The only fix I have found is more of a bandage that a fix. I added our
servers to pcs host files. This seems to have solved the problem on those
machines. But the problem creeps up on machines that have not been "bandaged".

Does anyone know of a fix for this other than changing out internal domain
name?
 
G

Guest

Guest
Archived from groups: microsoft.public.win2000.dns (More info?)

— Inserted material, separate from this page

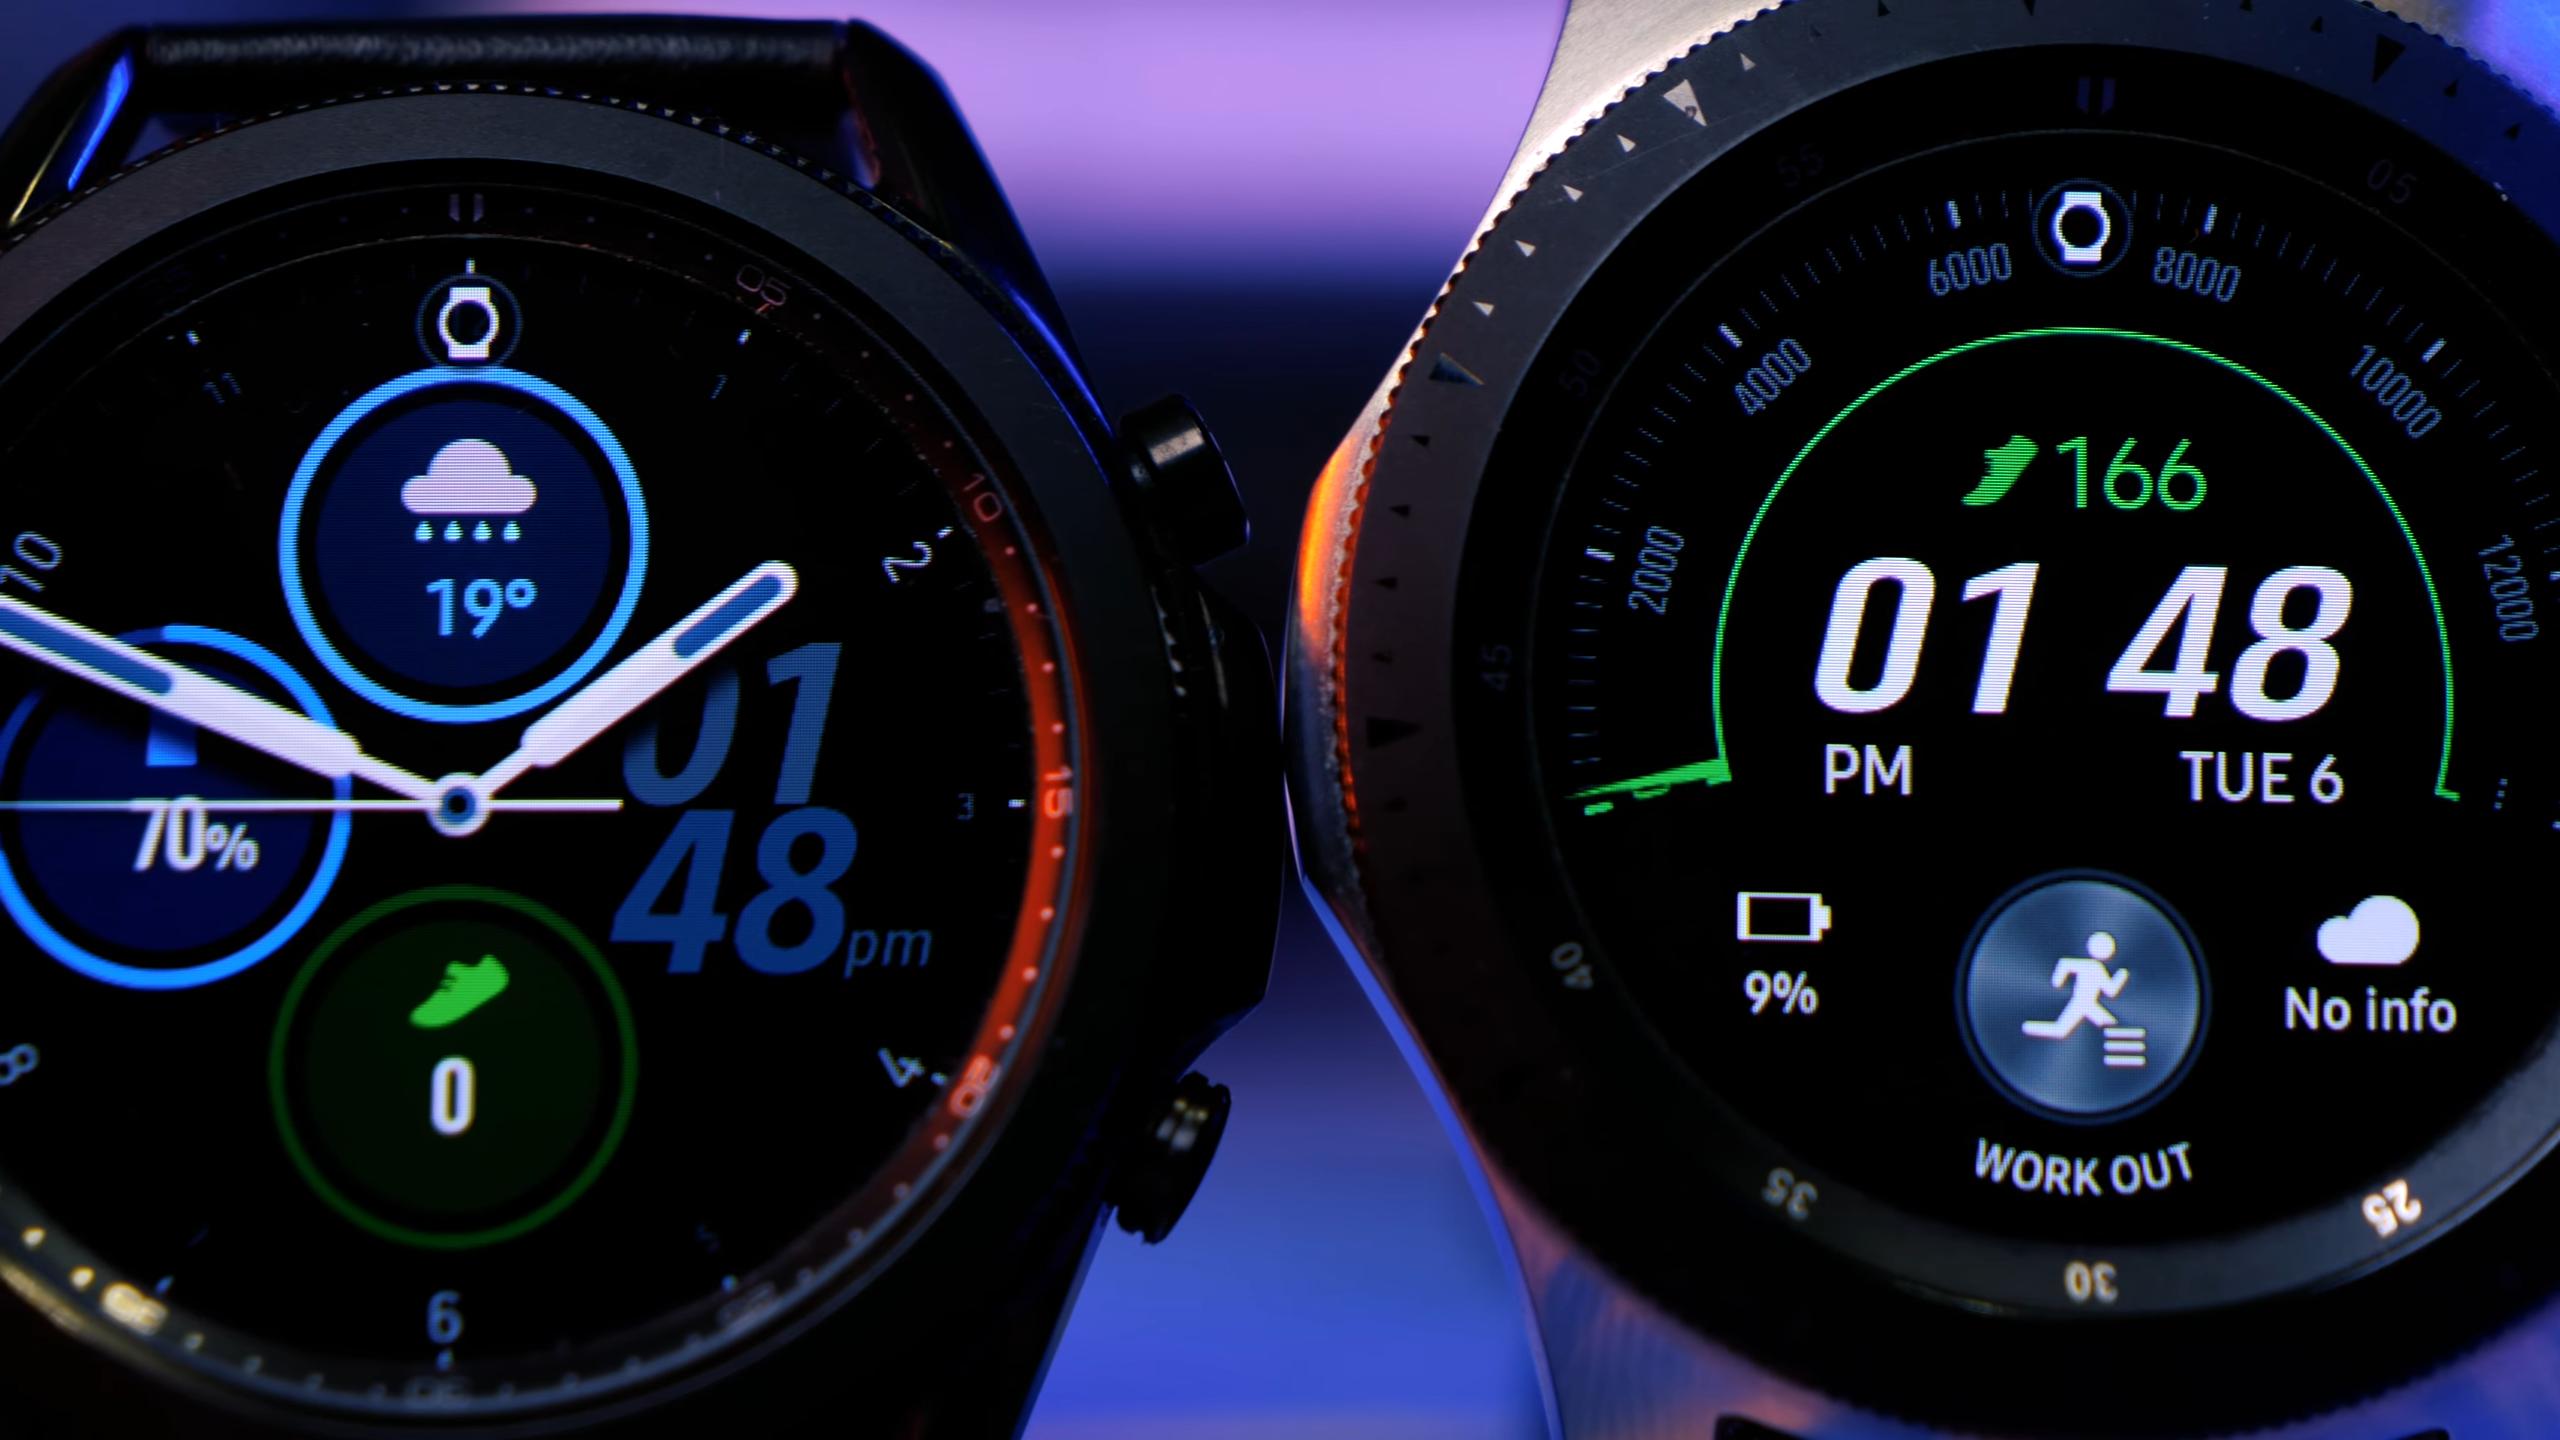 Review of smart watch: Samsung Galaxy Watch 3 TechRechard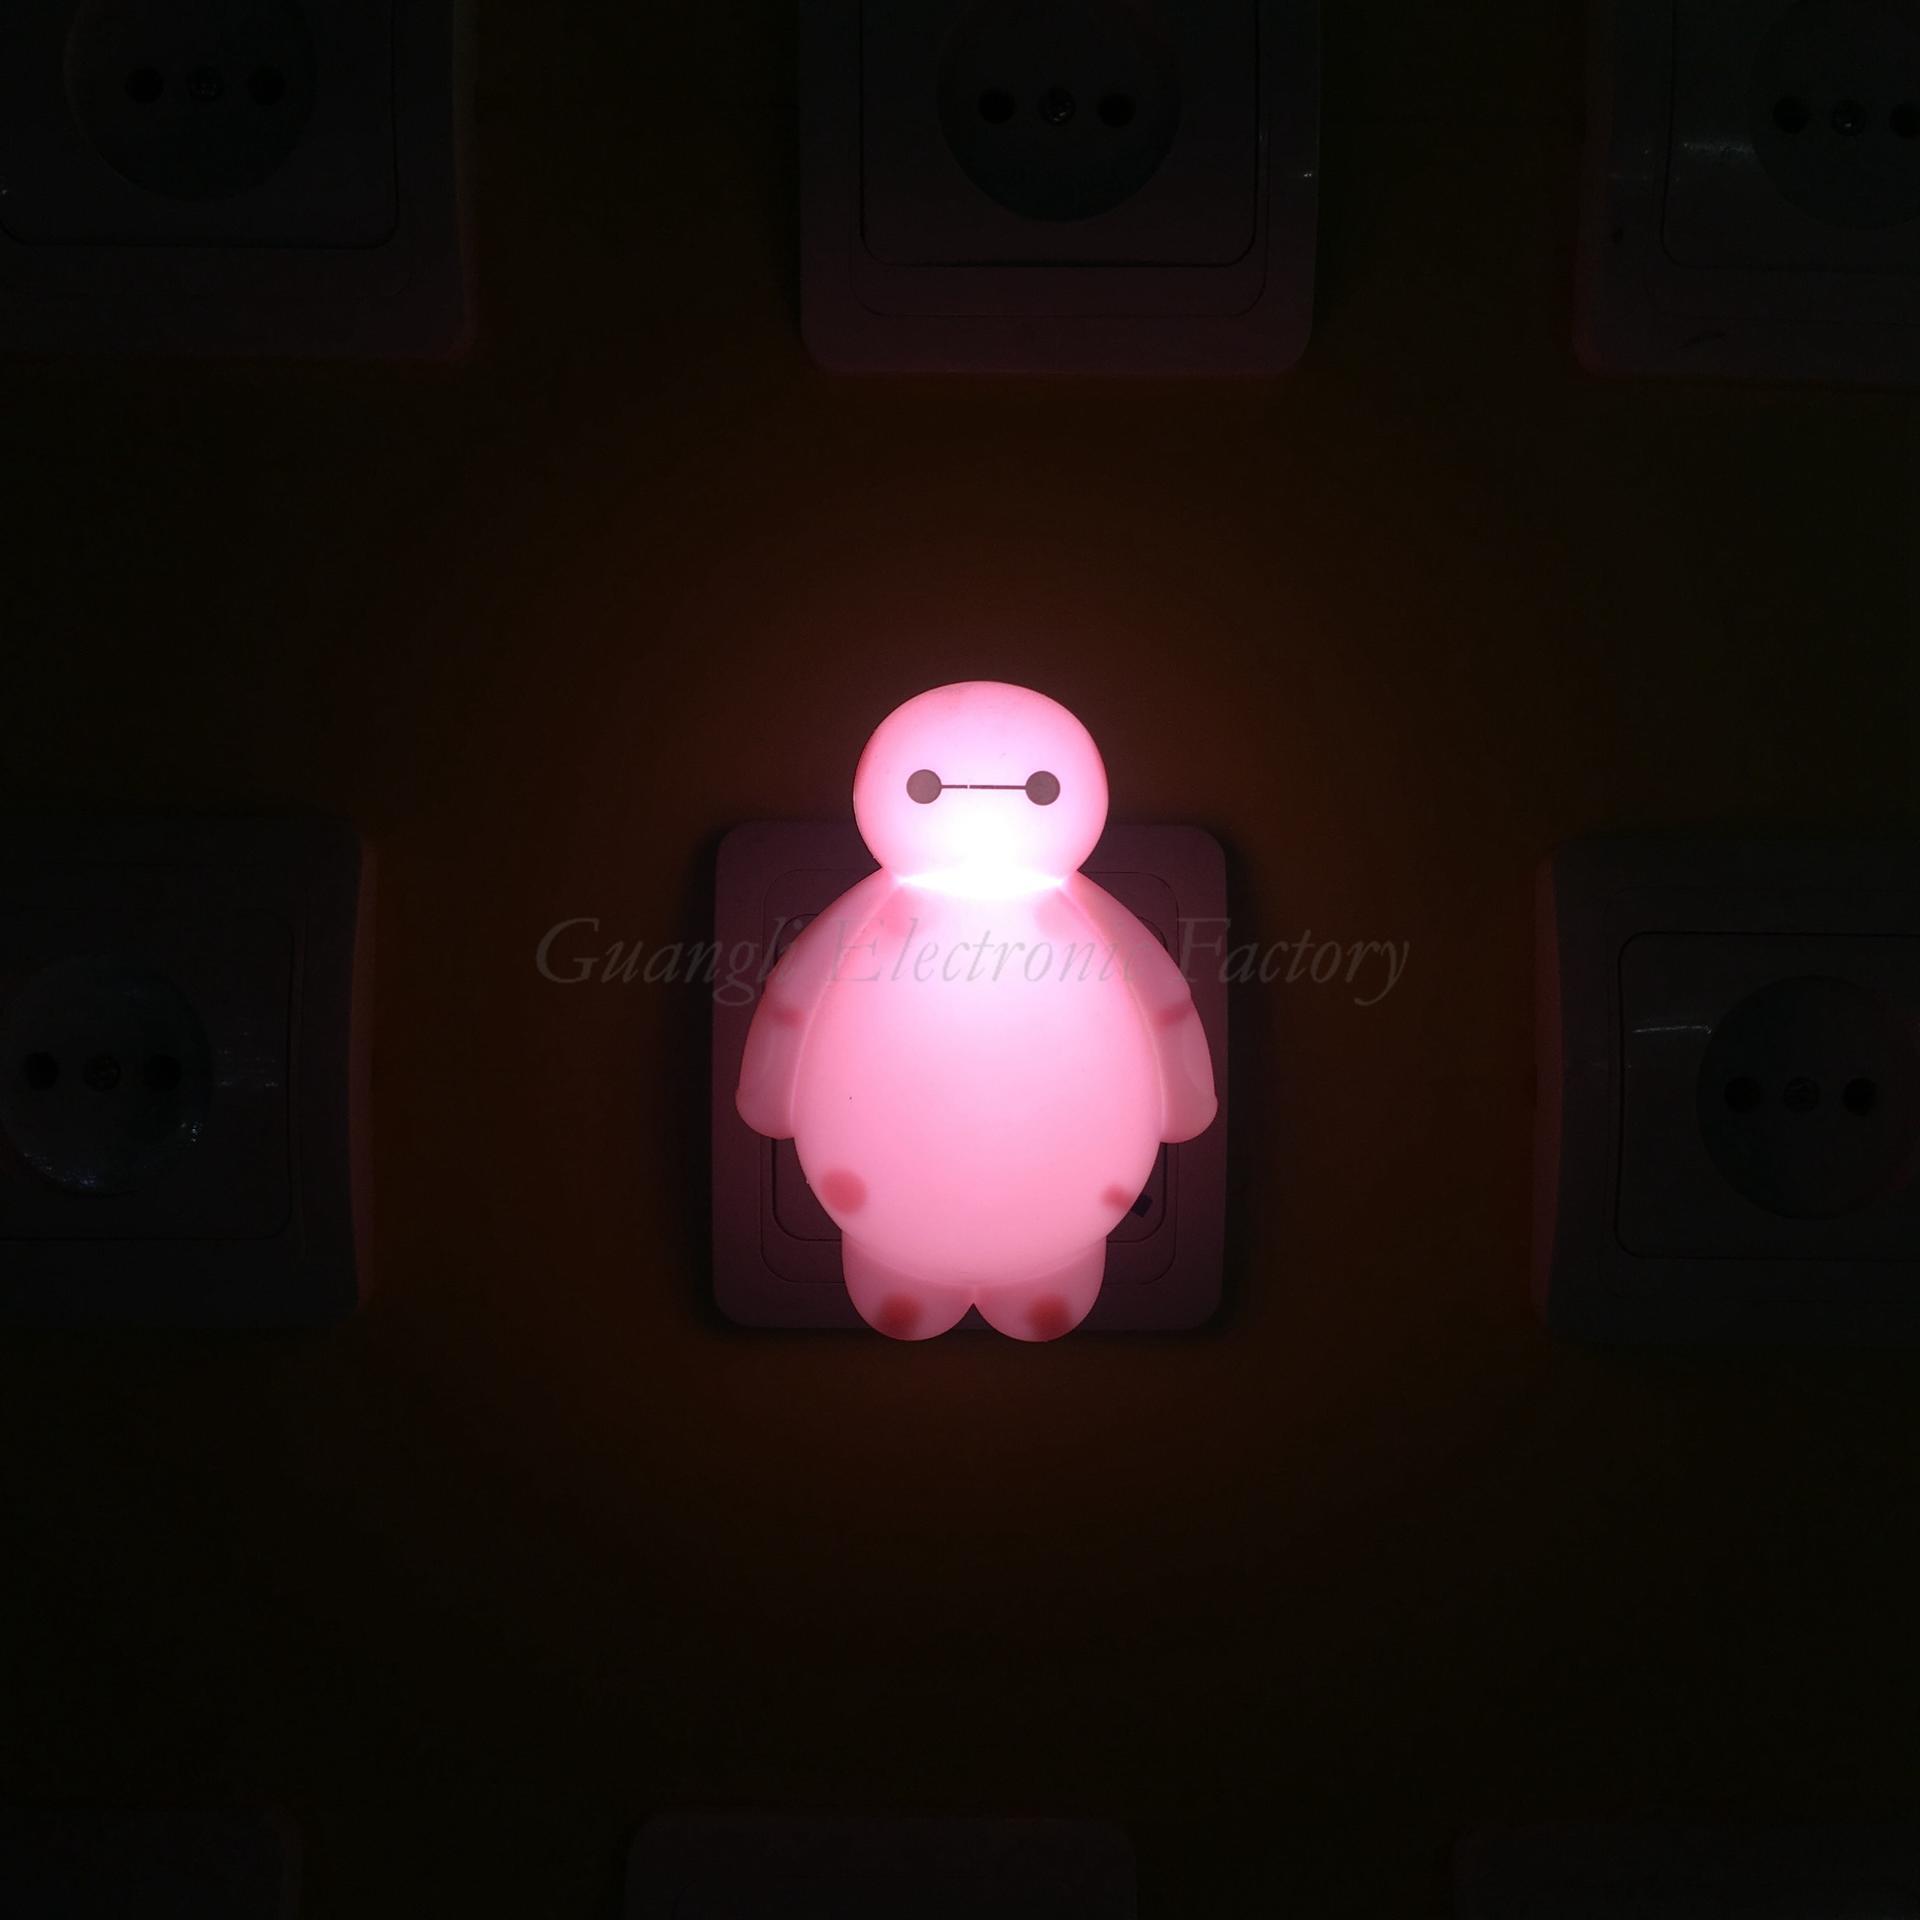 OEM LED Night Light Lamp Creative Cartoon Style Baby sleep Lights decoration LAMP Nightlight EU and US Plug

"Mike P" <Mike P@discussions.microsoft.com> wrote in message
news:759F661C-0684-4C86-840F-168AD6FCD3AA@microsoft.com...
> Hello, if anyone can shed any light on this please do.
>
> The domain name we used for AD is dfferent from the registered domain name
> we have on the internet. Someone else out there has registered the same
> domain name we used internally. Now when accessing our servers, from time
to
> time the DNS points outside to their server instead of our exchange server
or
> our file/print server..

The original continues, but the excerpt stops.